Hace unos días, el presidente de los Estados Unidos, Joe Biden, reconocía ante el rey Felipe VI en la cumbre de la OTAN la importancia que los españoles tuvieron en el proceso de independencia. No le faltaba razón.
Uno de los héroes españoles protagonistas de aquella época fue Bernardo de Gálvez, cuya victoria en la Batalla de Pensacola, en 1781, fue tan determinante que terminó siendo nombrado ciudadano honorífico y su retrato se colgó en la sala de los fundadores del Congreso de los Estados Unidos.
Por aquel entonces, Bernardo de Gálvez había empezado a asumir tareas en la gobernación de Luisiana, sustituyendo al gobernador Luis de Unzuaga.

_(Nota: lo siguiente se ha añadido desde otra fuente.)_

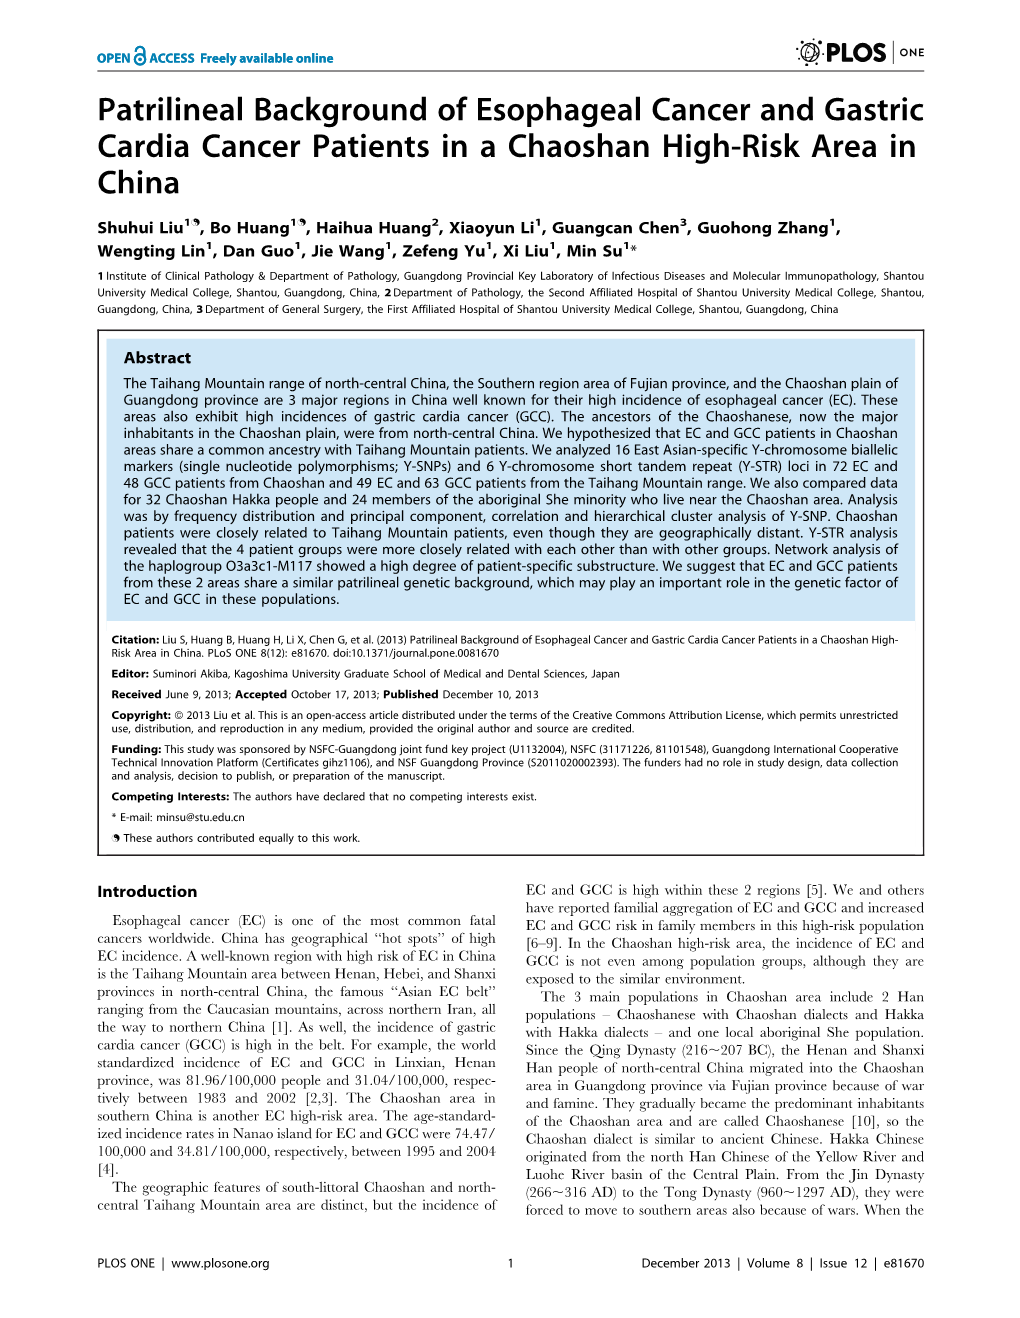 Patrilineal Background of Esophageal Cancer and Gastric Cardia Cancer Patients in a Chaoshan High-Risk Area in China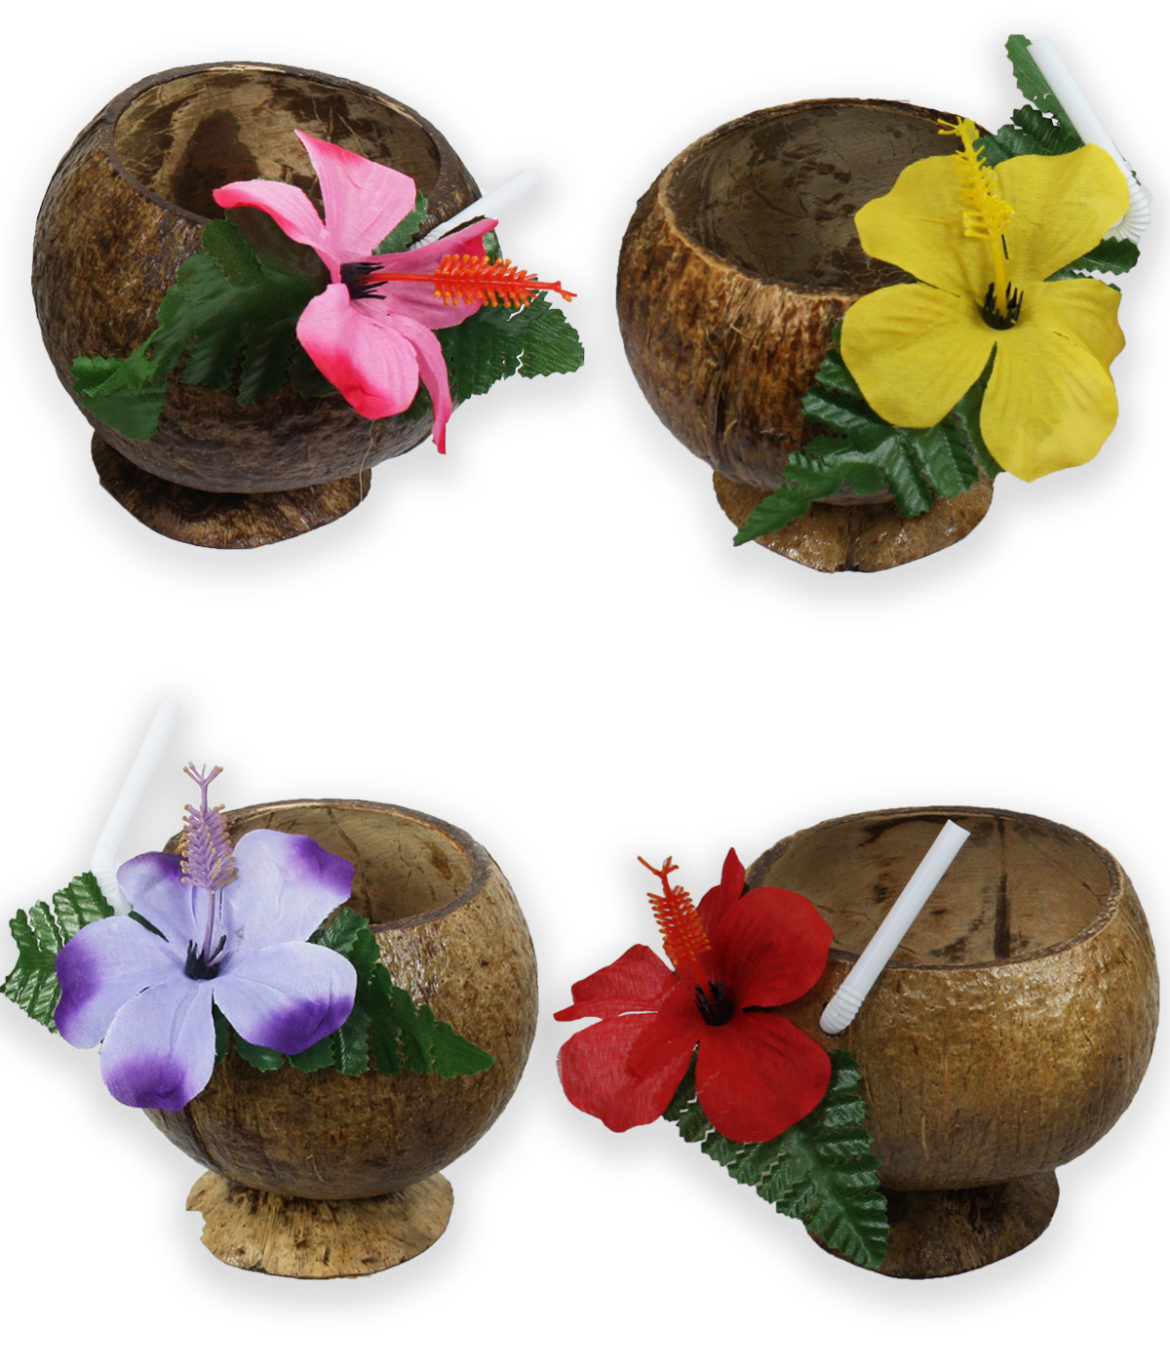 Coconut cup - Deluxe with base and straw - Bulk Discount - Quality

En 1777 se había casado con una joven francesa de la que se había enamorado desde el primer momento en el que la vio. Cierto es que el matrimonio era muy beneficioso para el joven militar pero el amor surgió entre ambos, haciendo del suyo un vínculo extraordinario.
La joven se llamaba Felicitas de Saint-Maxent y había nacido en 1758 en el seno de la familia más rica y poderosa de Nueva Orleans. Su padre, Gilbert Antoine de Saint-Maxent, uno de los fundadores de la ciudad de San Luis, era un próspero comerciante casado con Elisabeth La Roche, con quien tuvo una amplia prole de once hijos. Cuando se casó con Bernardo de Gálvez, tenía solamente diecinueve años.
Felicitas tenía entonces una hija de su primer matrimonio con el francés Jean-Baptiste-Honoré Destrehan, que había fallecido poco tiempo antes. Su hermana, Isabel de Saint-Maxent era esposa de Luis de Unzuaga. Ambas mujeres, como toda su familia, eran devotos y cultos.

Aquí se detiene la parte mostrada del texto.